When you learn you're pregnant, you may question which foods are acceptable to eat and which you should avoid. Fish is extremely difficult. It offers many health benefits, and some varieties help ababy's brain develop, but it also has some potential risks, including mercury pollution and foodborne illness.
Wild Alaskan Salmon is a nice option because it has a low mercury content and doesn't have a strong fish flavor that can turn you off if you have food aversions during pregnancy.
During pregnancy, eating two to three meals of fully cooked salmon per week is safe and contains various nutrients. "Salmon is a wonderful source ofDHA or omega 3 fatty acids6, which have numerous benefits to the development of the fetus as well as the pregnancy," says Daniel Roshan, MD, FACOG, FACS, a board-certified high-risk maternal-fetal OBGYN in New York City.
"These advantages include a probable favorable impact on neurodevelopment in the fetus and newborn, a reduction in preterm birth, and a possible reduction in pregnancy-induced hypertension."
"Salmon is packed in omega-3 fatty acids, notably two forms, EPA and DHA6, that are extremely crucial for the development of the fetus's brain and eyes," says Rachel McBryan, a registered dietitian in British Columbia.
To be safe during pregnancy, salmon must be properly cooked. "Smoked and raw salmon is not properly cooked and should not be eaten during pregnancy since it can lead to listeria infection," says Dr. Roshan.
Fully cooked salmon is healthy for your unborn child and offers numerous advantages, including brain and eye development. Smoked salmon is unsafe unless it is canned in a shelf-stable manner. In other words, it is not purchased in the store's refrigerated section. Raw salmon is not safe to consume when pregnant. Sticking to two to three portions of properly cooked salmon each week protects your infant from excessive mercury exposure while providing important nutrients.

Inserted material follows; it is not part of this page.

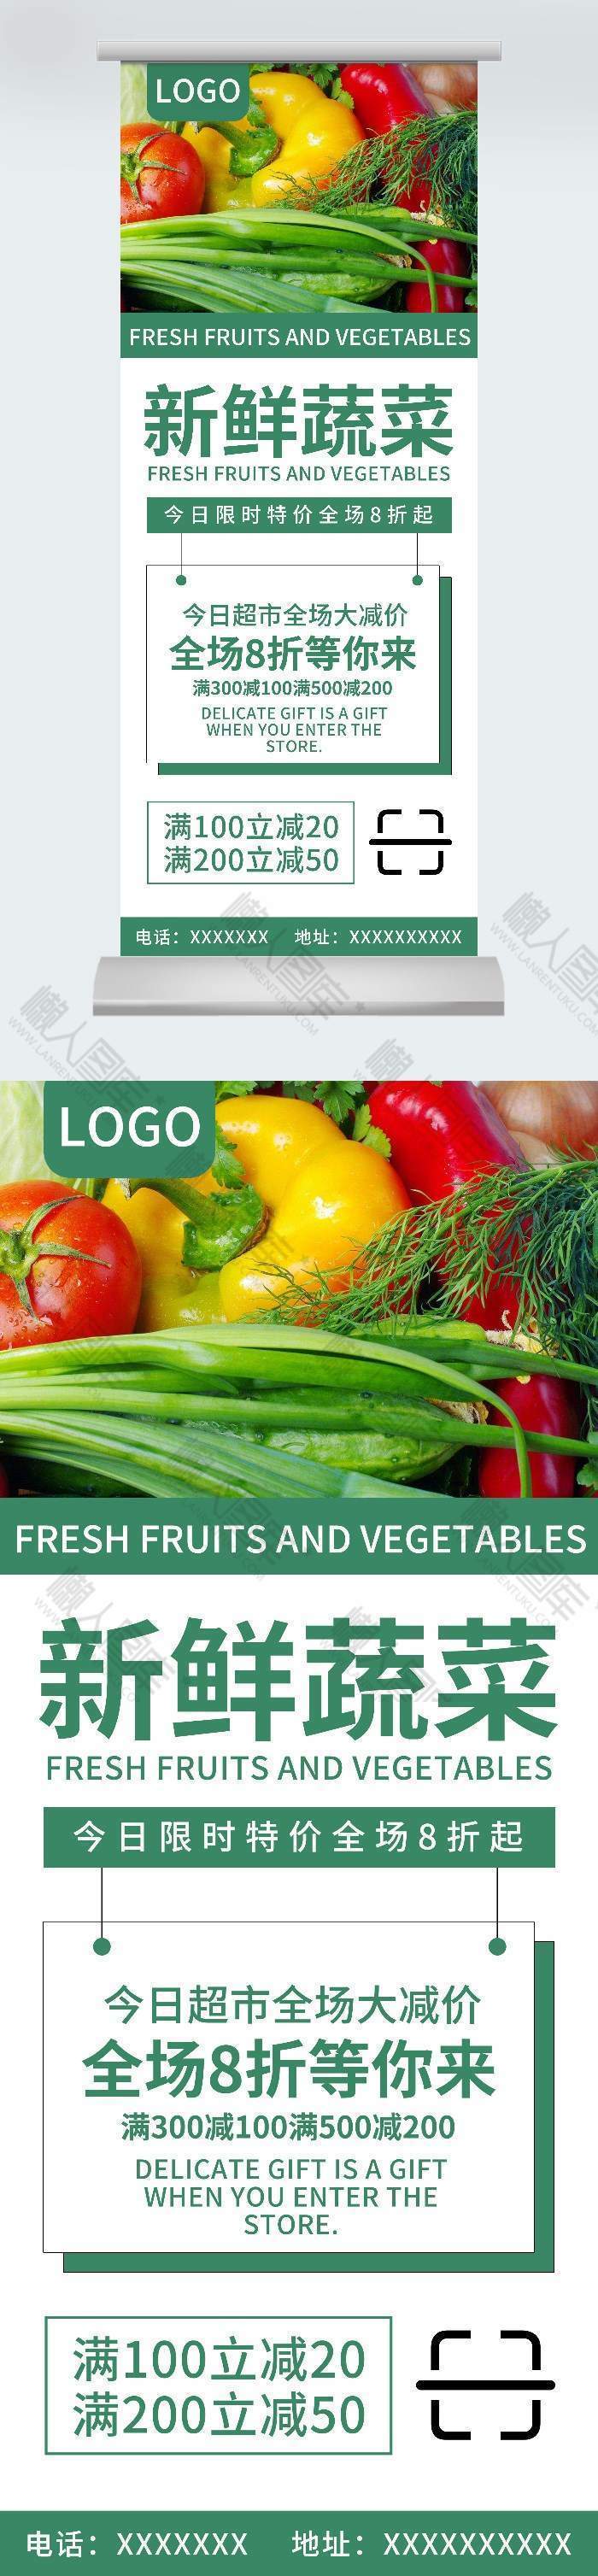 绿色简约超市蔬菜促销海报

Salmon has many advantages for a developing baby because it contains docosahexaenoic acid (DHA), an omega-3 fatty acid. "Unless DHA is supplemented, there is a natural decline in DHA levels during pregnancy. As a result, only one-fourth of pregnant women consume enough DHA for the health of their child "McBryan brings this up.
While salmon contains nutrients that are good for your baby's developing brain as well as your health, there are a few things to remember. To get the omega-3 benefits while limiting mercury exposure, eat your salmon fully cooked and limit your consumption to 4-ounce servings two to three times per week.
Eating salmon while pregnant is a good way to get the DHA your baby requires for brain development.
To reduce the risk of contracting listeria and other food-borne pathogens such as parasites, ensure your salmon is fully cooked. You should also keep track of your total seafood consumption to avoid consuming dangerous levels of mercury while also consuming enough oily fish each week (if you enjoy it).
Sticking to two to three 4-ounce servings of fully cooked salmon per week will provide you and your growing baby with the benefits you need while keeping your baby safe. Always consult a healthcare provider to determine how much fish is safe to consume during pregnancy or if you have any questions about how to prepare it safely.
Consider speaking with a registered dietitian who specializes in prenatal nutrition if you need help figuring out how to incorporate fish into your regular diet or if you have questions about supplements versus fish intake.